Article original sous licence CC BY 4.0 (https://creativecommons.org/licenses/by/4.0/). Ceci est une explication générée par l'IA de l'article ci-dessous. Elle n'a pas été rédigée ni approuvée par les auteurs. Pour une précision technique, consultez l'article original. Lire la clause de non-responsabilité complète

L'argent est quelque chose que nous utilisons chaque jour sans vraiment y réfléchir. Nous le donnons pour un café, nous le payons pour un loyer et nous l'économisons pour l'avenir.
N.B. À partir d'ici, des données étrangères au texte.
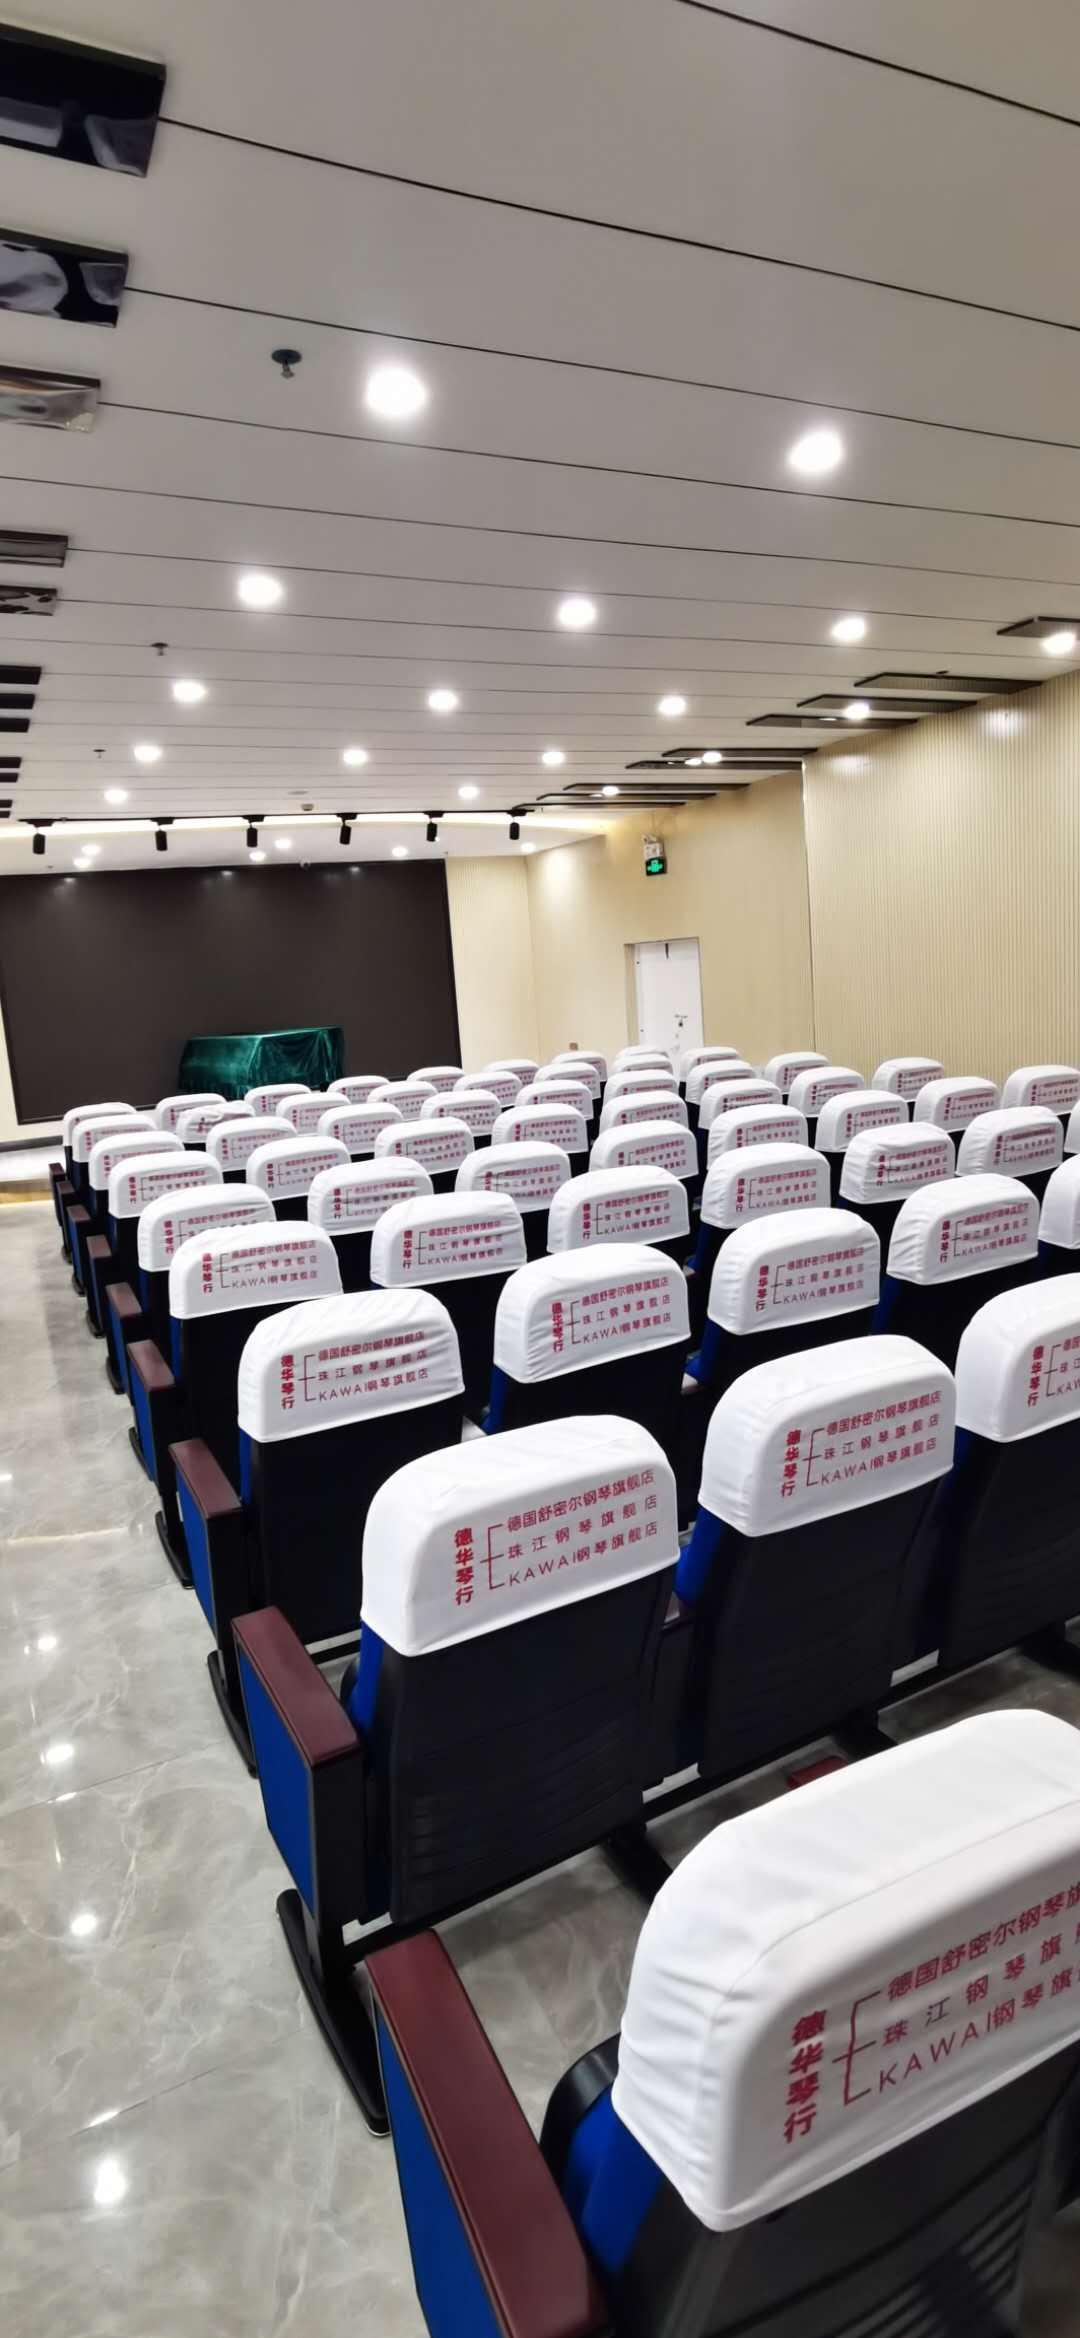 新疆德国舒密尔钢琴批发厂家-阿勒泰德国舒密尔钢琴制造

Dans la majeure partie du monde, cet argent est créé et contrôlé par un gouvernement unique, qui décide de sa quantité et tente d'en maintenir la valeur stable. Mais depuis longtemps, certains économistes se demandent si ce monopole est nécessaire. Ils se sont demandé si des entreprises privées pourraient créer leur propre monnaie et rivaliser avec le gouvernement, tout comme différentes entreprises rivalisent pour vendre du savon ou des voitures. Si une entreprise privée fabriquait une monnaie qui perdait rapidement sa valeur, les gens cesseraient simplement de l'utiliser pour passer à une meilleure. Cette idée suggère que la concurrence, plutôt que le contrôle gouvernemental, est le meilleur moyen de maintenir la monnaie stable et digne de confiance.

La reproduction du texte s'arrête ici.